In the entries below, the lines from the one with "Read online Fightin'" through the one with "Redmi Note 9" are to be copied exactly; both ends count.

▶ Material provided:
- - -

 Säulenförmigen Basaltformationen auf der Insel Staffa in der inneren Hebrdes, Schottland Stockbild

- - -

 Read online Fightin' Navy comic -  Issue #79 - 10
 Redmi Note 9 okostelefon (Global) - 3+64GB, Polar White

- - -

▶ Exercise result:
 Read online Fightin' Navy comic -  Issue #79 - 10
 Redmi Note 9 okostelefon (Global) - 3+64GB, Polar White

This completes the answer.